The Meteor FR.9 was a minimum change approach to the requirement for a reconnaissance Meteor. A new nose section was designed that featured three observation windows (forward, port oblique and starboard oblique) for a single Williamson F24 camera. The F.24 was a proven reconnaissance system having been used operationally in the war by the Spitfires the Meteor was replacing. The camera was most effective in the low altitude role as its 5″ x 5″ format didn’t allow for the production of detailed enough photographs of wide areas as is required with the high altitude role. With only one camera onboard the Meteor’s F24 had to be ground aligned to the relevant window before take-off and this necessitated an extra amount of planning for missions to ensure that when the aircraft overflew the target the correct window was facing the area of interest.

Other than the camera installation the FR.9 was essentially a Meteor F.8 going as far as to retain the fighter’s four Hispano V 20mm cannons (these were sometimes faired over and the ammunition removed to squeeze an extra few miles an hour out of the aircraft). Just how similar the two versions were was highlighted by the Israelis who acquired a handful of second hand FR.9s and removed the camera equipment and windows to make more F.8s. The first of 126 Meteor FR.9s flew on the 22nd March 1950 and deliveries began in July of that year to No.208 Squadron based in Egypt protecting the Suez Canal.

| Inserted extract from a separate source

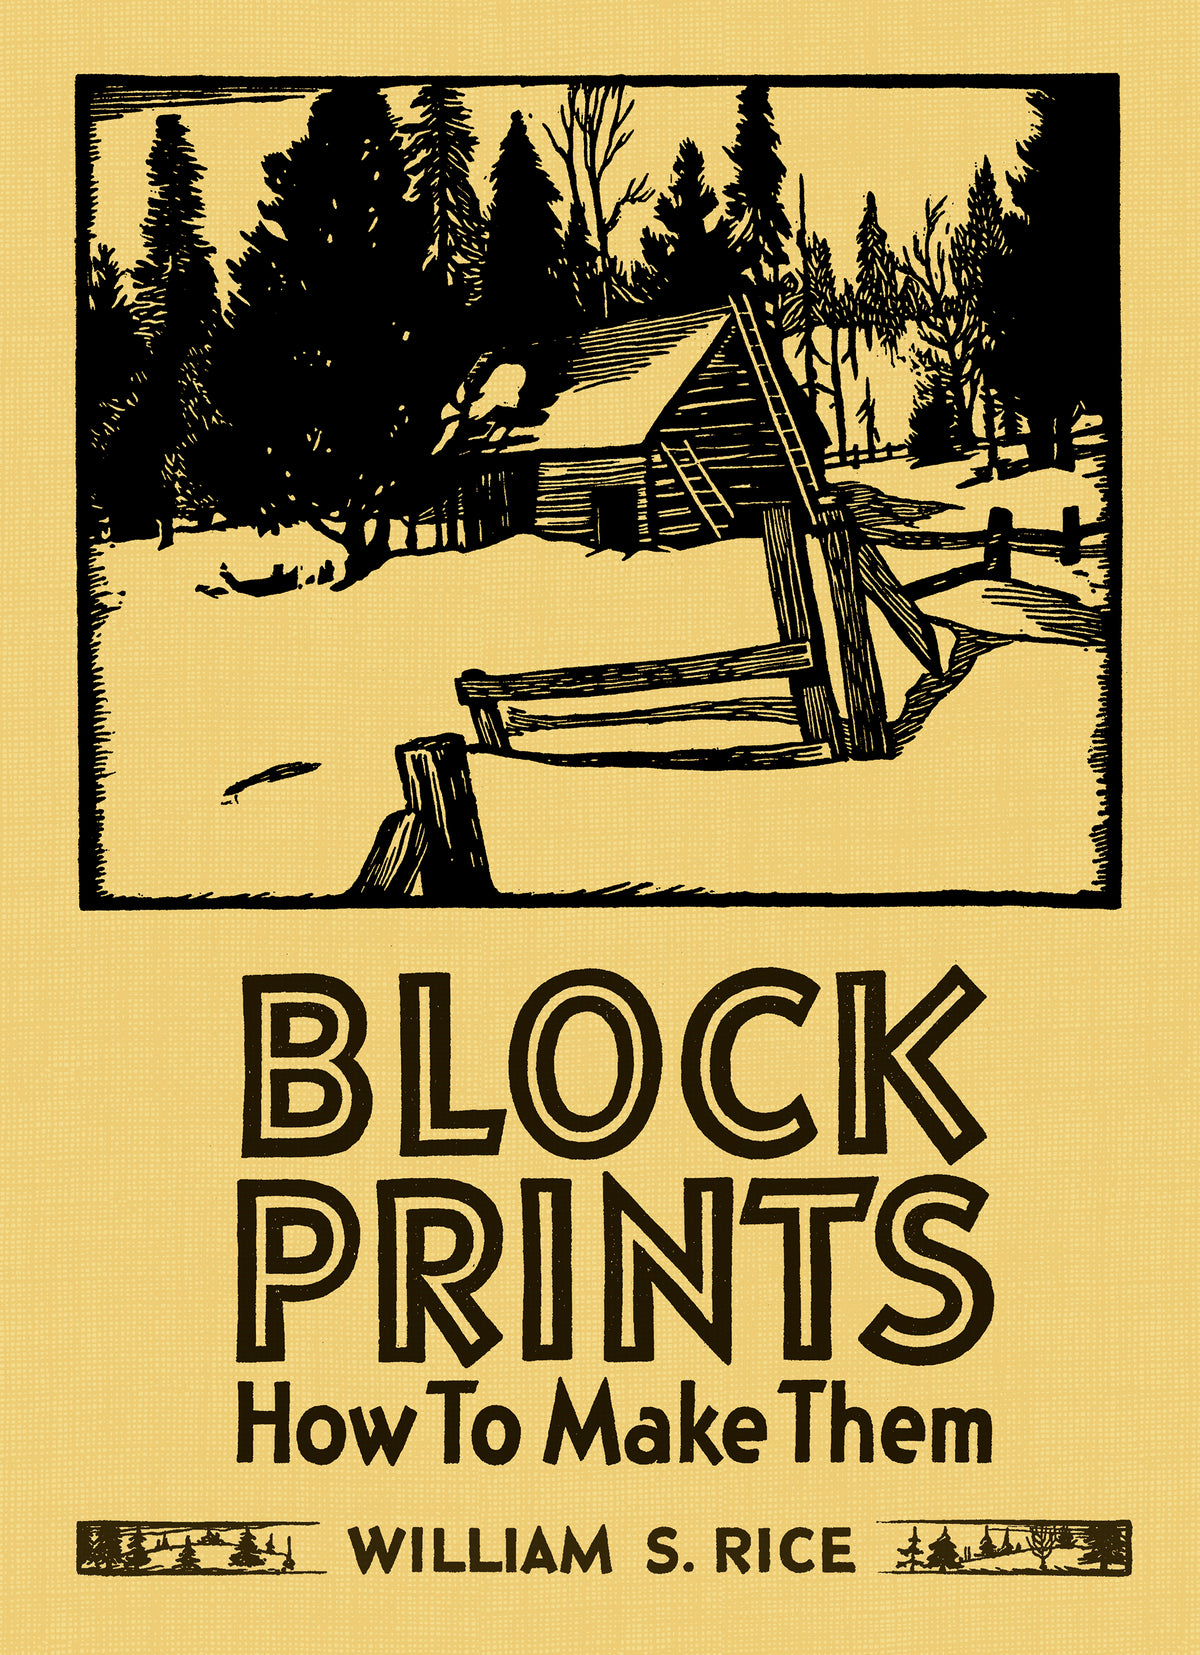 Block printing with Linoleum

Meteor FR.9s primarily served in West Germany however in the low level reconnaissance role before being completely replaced by Supermarine Swifts by 1961.

  • Powerplant: 2x Derwent 8 (3,500lbs thrust each)
  • Max Speed: 592mph
  • Service Ceiling: 43,000ft
  • Length: 44ft 7in (13.59m)
  • Wingspan: 37ft 2in (11.32m)
  • Armament: 4x 20mm Hispano V cannons

Meteor PR.10

meteor_pr10_1a

The next chapter in the story of the reconnaissance Meteors was the high altitude PR.10. Like the FR.9 the PR.10 was based on the Meteor F.8 but differed in two key areas; it was fitted with the longer span wings of the Meteor F.3 while the tail unit was taken from the Meteor F.4. Both of these features were included to improve high altitude performance and stability while the more powerful Meteor F.8’s Derwent 8 engines were retained as was the F.24 camera installation of the Meteor FR.9 making the PR.10 the Frankenstein of the Gloster Meteor family. In an effort to lighten the aircraft as much as possible to gain the maximum altitude the guns were deleted and the aircraft were unpainted save for the national markings and serial numbers (a fully painted MD-80 airliner for example has a staggering 155lbs of paint on it). All these efforts resulted in the PR.10 being able to achieve an altitude in excess of 47,000ft compared to the F.8/FR.9’s service ceiling of 43,000ft.

As the F.24 camera was more suited to low-to-medium level operations the Meteor PR.10 had two F.52 cameras in the rear fuselage for high altitude work. These were positioned in the ventral position to cover large areas below the aircraft and for this purpose produced larger photographs (8.5″x 7″) than the F.24 despite having a similar working mechanism.

Squadron deliveries of the PR.10 began in December 1950 and production totalled 59 airframes. In 1951 the aircraft were first flown in West Germany and during this time the aircraft took part in a number of provocative cross border flights that were only stopped when the Soviets began deploying the MiG-19 “Farmer” to intercept them. Even after this development the Meteor PR.10s continued to fly at the very edge of the border between East and West Germany photographing Warsaw Pact forces on the other side of the Iron Curtain until they were replaced by the superlative Canberra PR.9 in 1961.

  • Powerplant: 2x Derwent 8 (3,500lbs thrust each)
  • Max Speed: 541mph
  • Service Ceiling: 47,000ft
  • Length: 44ft 7in (13.59m)
  • Wingspan: 39ft 11in (12.18m)
  • Armament: None